=== Data supplied ===
---------------
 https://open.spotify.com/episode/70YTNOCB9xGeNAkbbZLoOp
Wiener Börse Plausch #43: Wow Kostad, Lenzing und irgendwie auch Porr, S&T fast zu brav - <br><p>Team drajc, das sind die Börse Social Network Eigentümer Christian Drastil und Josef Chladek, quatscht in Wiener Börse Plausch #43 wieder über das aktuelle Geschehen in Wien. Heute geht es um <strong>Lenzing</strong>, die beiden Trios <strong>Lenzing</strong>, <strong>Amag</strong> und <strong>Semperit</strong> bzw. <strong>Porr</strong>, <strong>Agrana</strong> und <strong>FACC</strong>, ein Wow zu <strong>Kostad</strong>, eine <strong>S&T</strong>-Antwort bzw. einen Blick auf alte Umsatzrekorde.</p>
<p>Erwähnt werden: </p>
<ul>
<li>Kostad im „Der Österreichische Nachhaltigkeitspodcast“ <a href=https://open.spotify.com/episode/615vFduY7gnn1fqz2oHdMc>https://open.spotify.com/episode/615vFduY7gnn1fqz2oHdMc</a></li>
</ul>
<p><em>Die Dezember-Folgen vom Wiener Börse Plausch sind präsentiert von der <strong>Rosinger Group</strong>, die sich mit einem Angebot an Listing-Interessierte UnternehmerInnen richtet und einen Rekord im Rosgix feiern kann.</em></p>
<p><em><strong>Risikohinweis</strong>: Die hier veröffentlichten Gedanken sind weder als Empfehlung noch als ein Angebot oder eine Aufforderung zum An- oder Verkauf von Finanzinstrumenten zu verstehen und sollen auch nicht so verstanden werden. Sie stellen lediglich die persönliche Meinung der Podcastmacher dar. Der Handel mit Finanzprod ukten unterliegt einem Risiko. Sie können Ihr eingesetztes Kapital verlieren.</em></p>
---------------
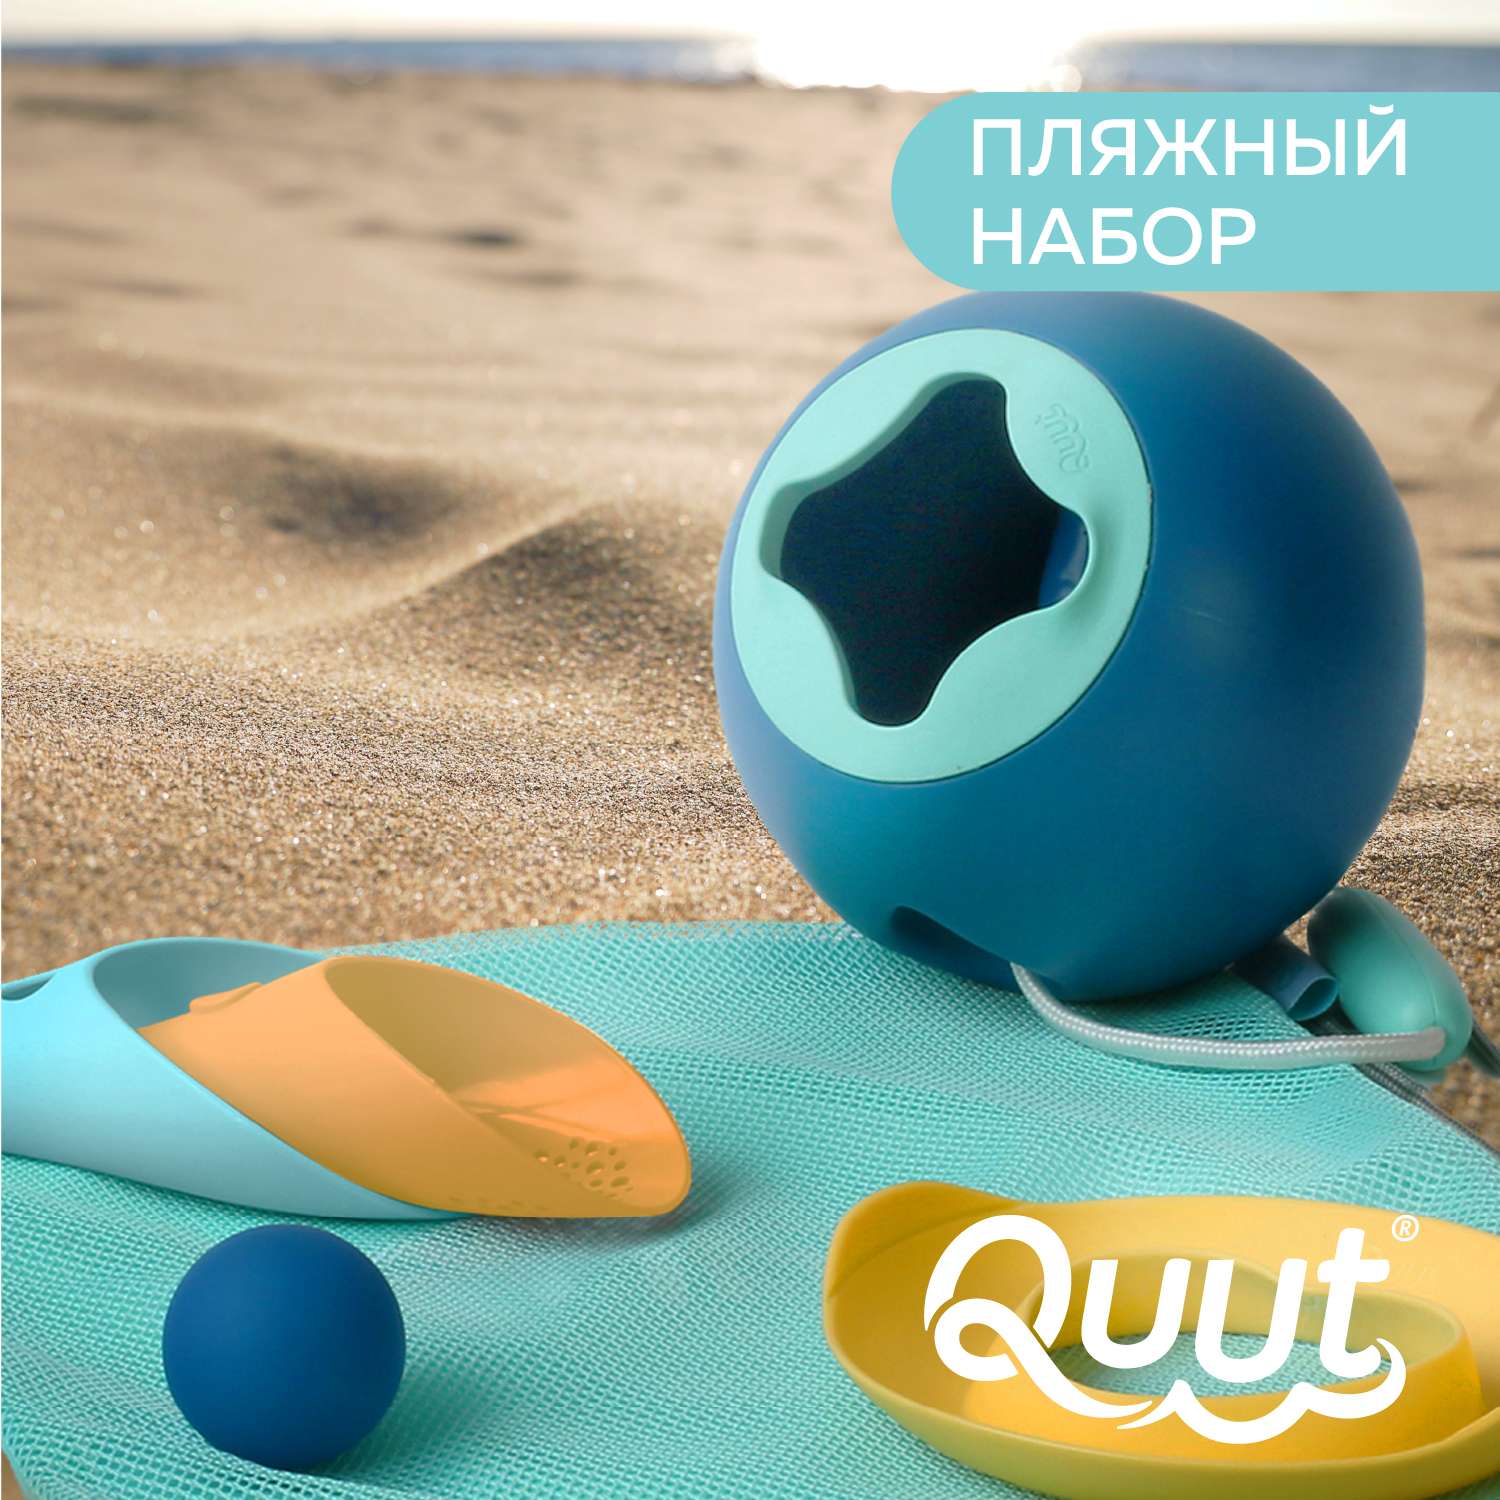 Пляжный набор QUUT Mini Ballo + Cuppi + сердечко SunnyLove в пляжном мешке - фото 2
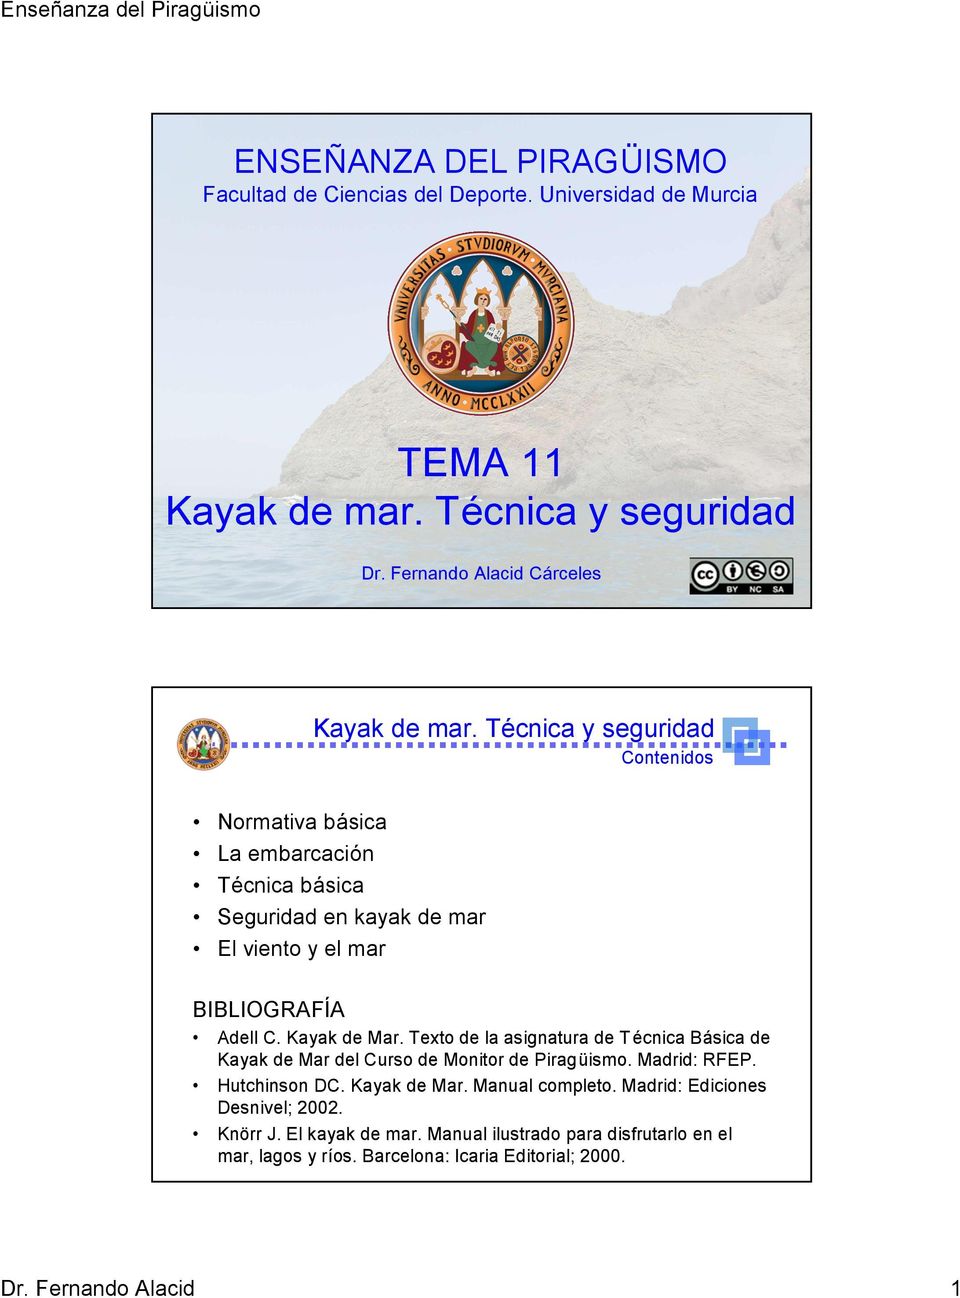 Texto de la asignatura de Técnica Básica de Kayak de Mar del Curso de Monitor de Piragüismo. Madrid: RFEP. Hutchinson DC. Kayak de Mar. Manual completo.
---------------
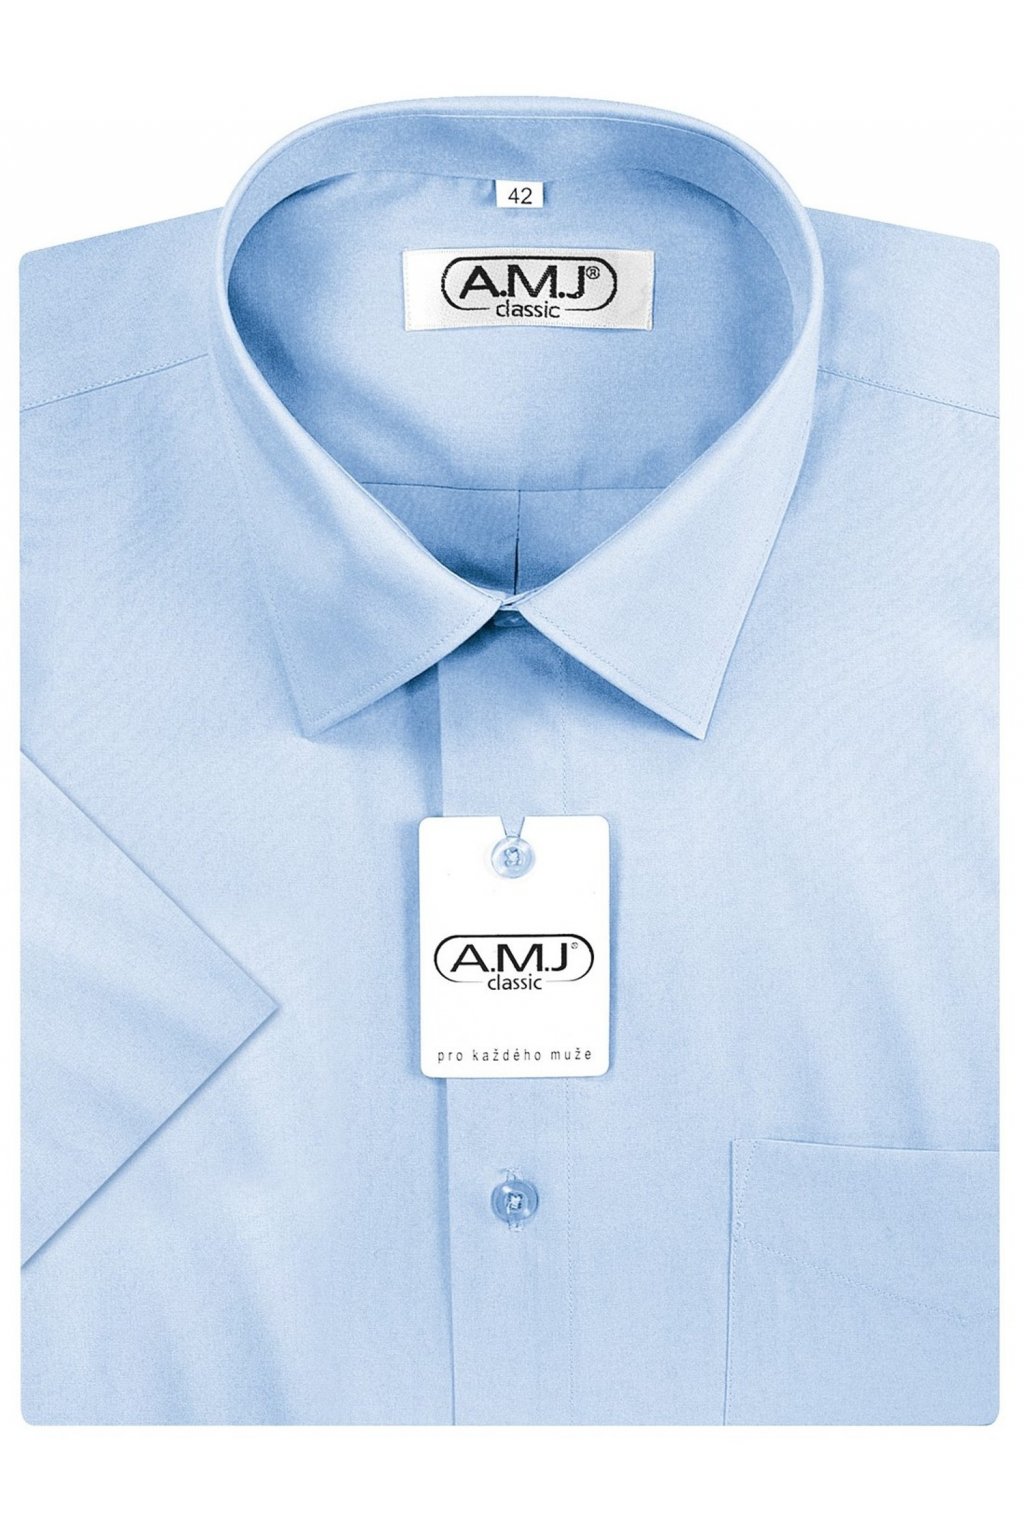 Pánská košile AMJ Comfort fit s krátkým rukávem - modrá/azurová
---------------
=== Goal of the exercise ===
Lines in the listing above that hold the string "einem" need counting. Please reply with the total only.

=== Task solution ===
2